One of my closest friends sent me a picture of her three-month-old daughter in the ER.
I remember feeling an overwhelming wave of pain just looking at it.
I asked her how does she handle even the possibility of something going wrong?
She said that pain comes with an immense kind of love, one she didn’t know she was capable of.
In trying to protect ourselves from hurt and hassles of life,we may also limit our capacity for love, joy and growth.
I’ve often believed that leadership is a path to inner growth.
As a leader, you move towards a mission but you also have to take people along.

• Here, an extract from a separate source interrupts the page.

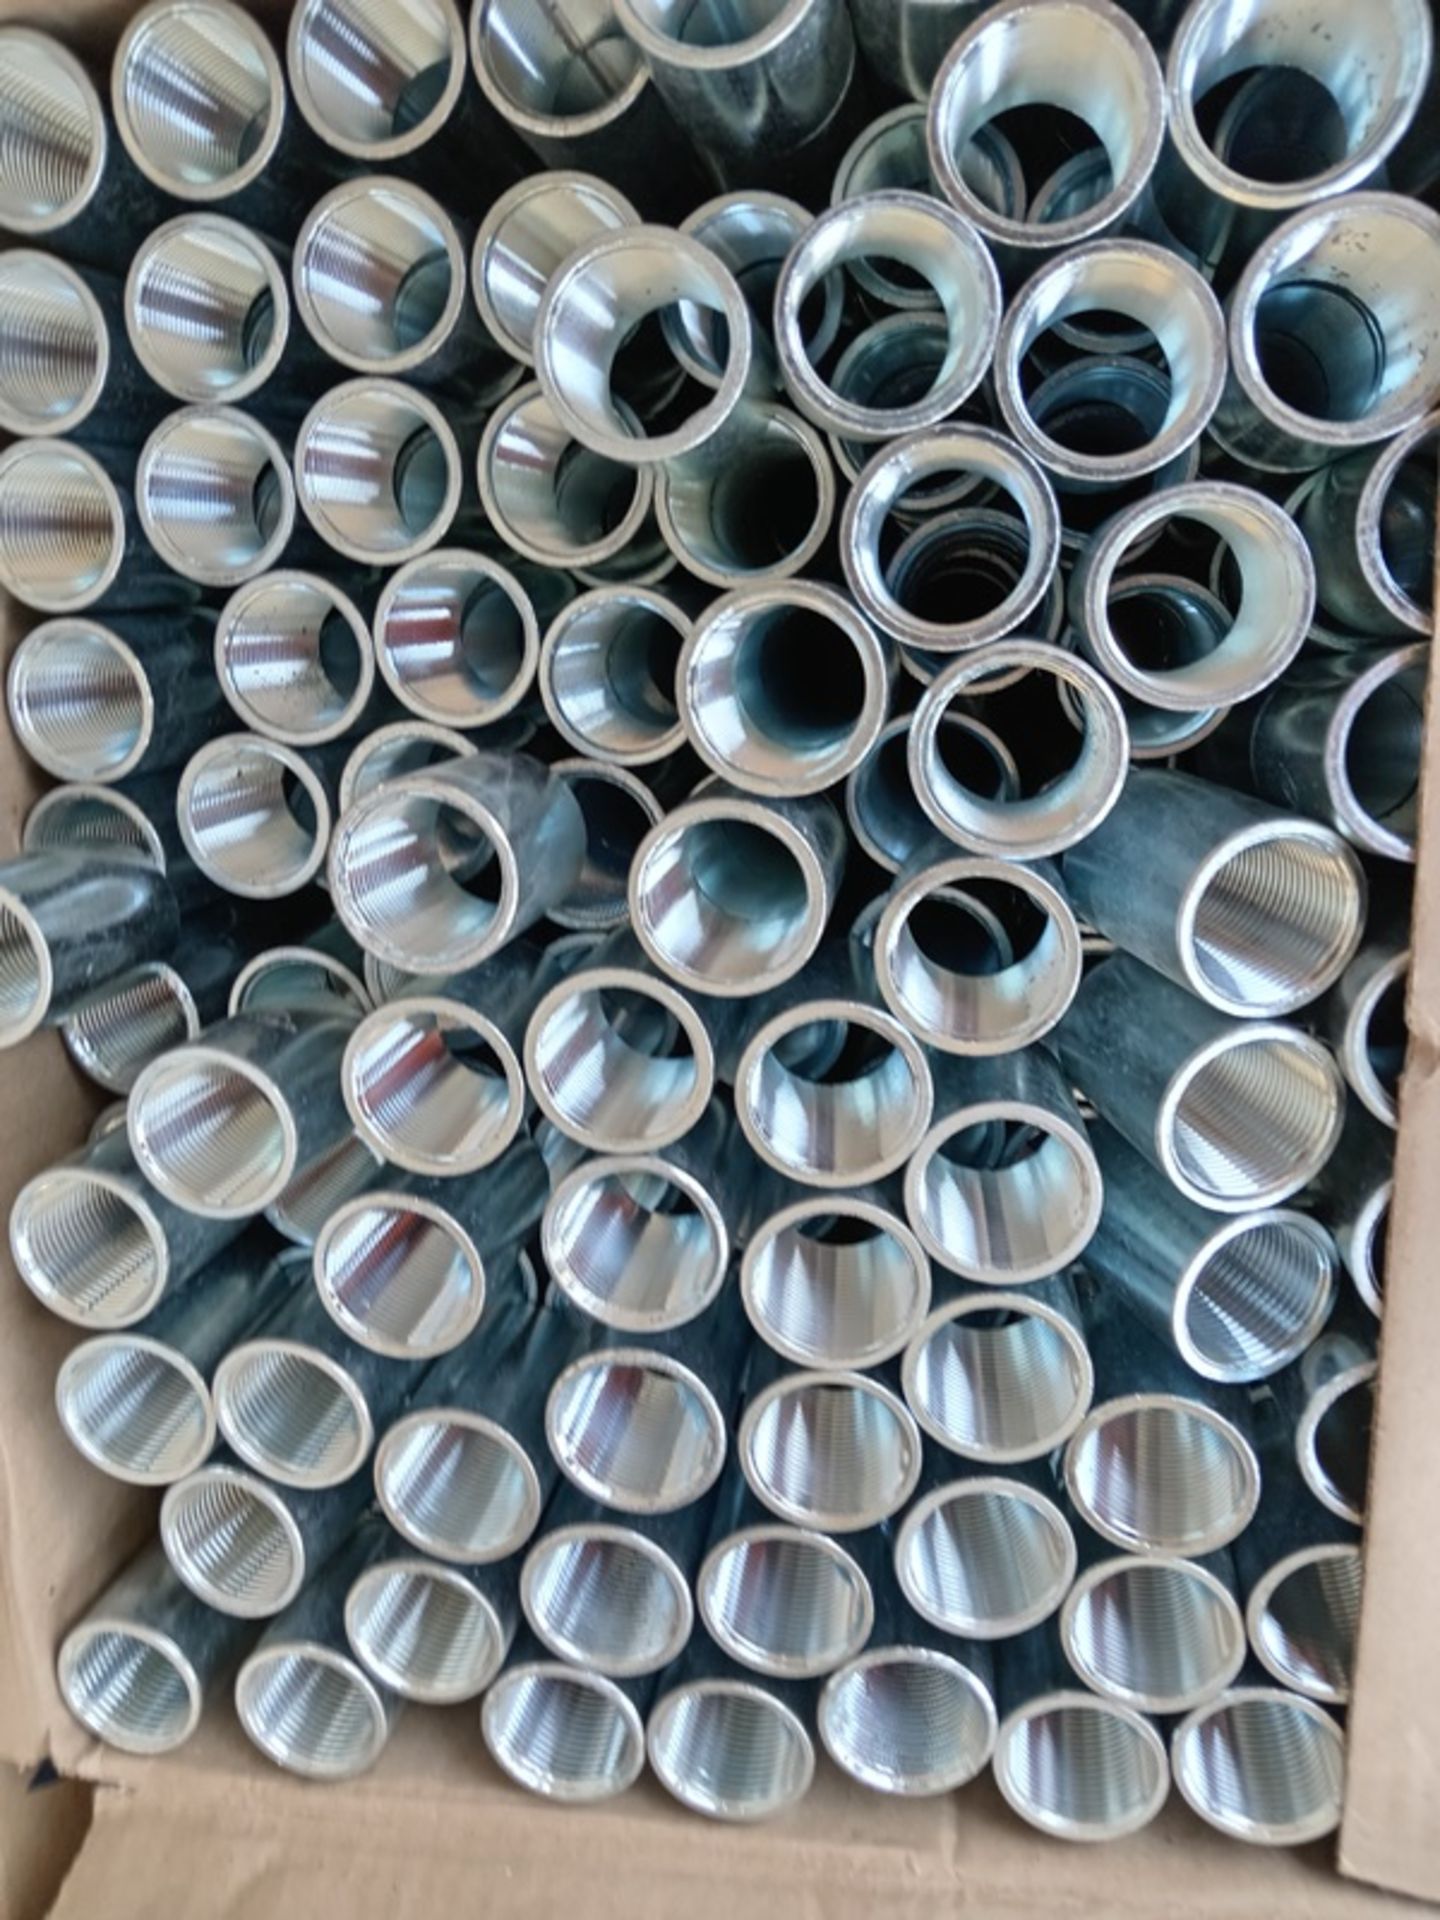 LOT OF (1,684) PIECES OF GALVANIZED STEEL UNION COUPLINGS - Image 7 of 7
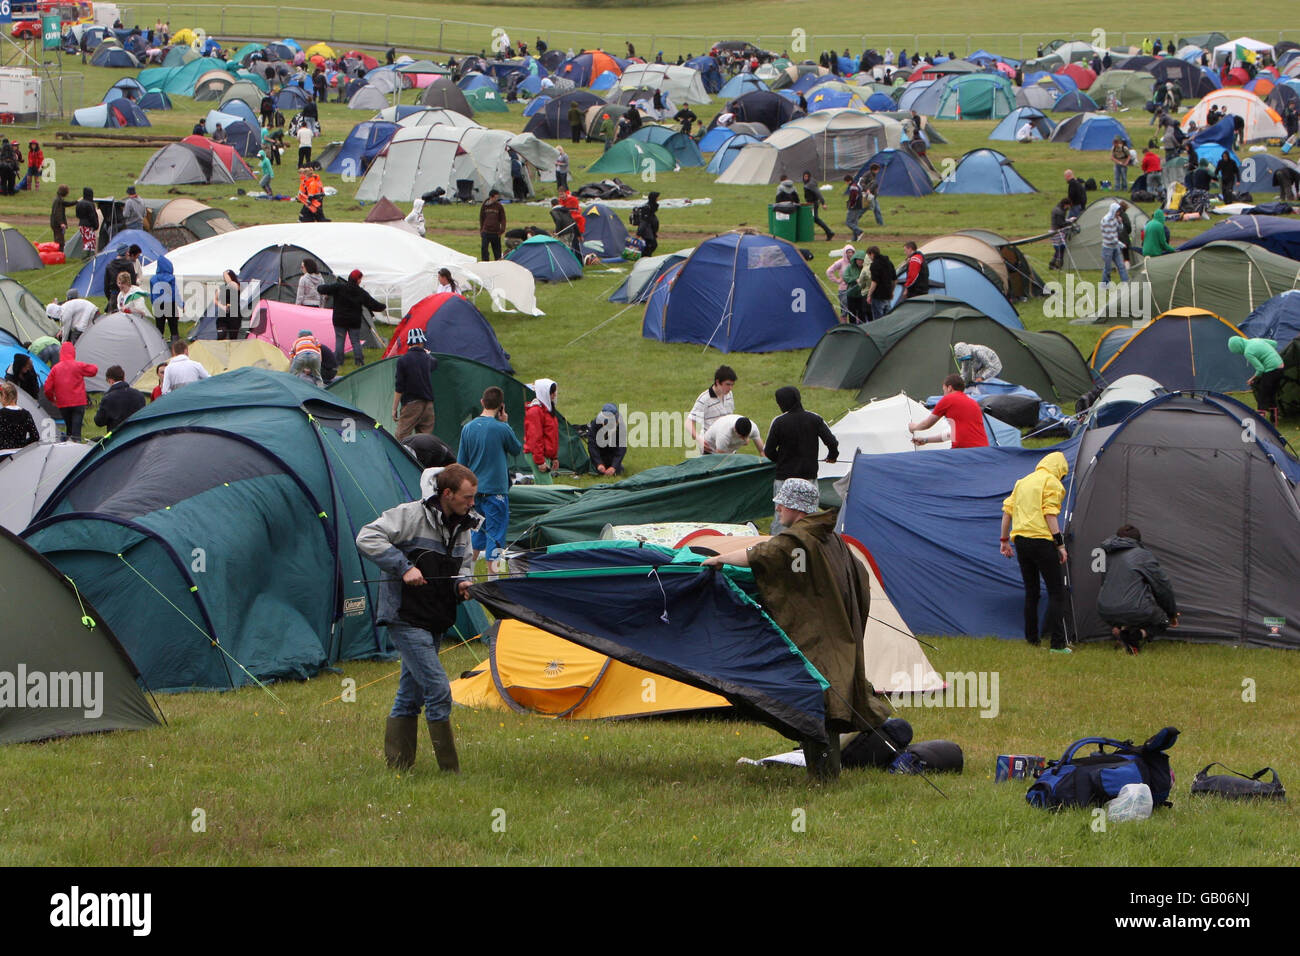 The first of 30,000 campers arrive for the Oxegen music festival which runs all weekend at Punchestown Racecourse in Co. Kildare. Stock Photo

And at some point, the real work becomes about people:
How you lead them
How you respond and react when things don’t go your way. What people trigger in you. What judgments arise. And what all of this reveals about you.
Even in relatively less emotionally charged environments like work, people will help show you parts of yourself:
Your insecurities, your shadow sides, old baggage you may still carry, places you thought were healed, but aren’t.
If you can observe all of this and continue doing the work, there’s nothing like it.
But even more important than “doing the work”is becoming aware.
And then, accepting what you see.
Not dismissing it. Not blaming others. Not telling yourself “this isn’t me.”
Even if you don’t yet have the intention to change certain parts of yourself…
Acknowledging them is enough.
“Know thyself, and to thine own self be true.”
Invitation
Think of 2–3 people in your life who trigger you (even if mildly).
And reflect:
What do your reactions around them say about you?
What, if anything, would you like to do about it?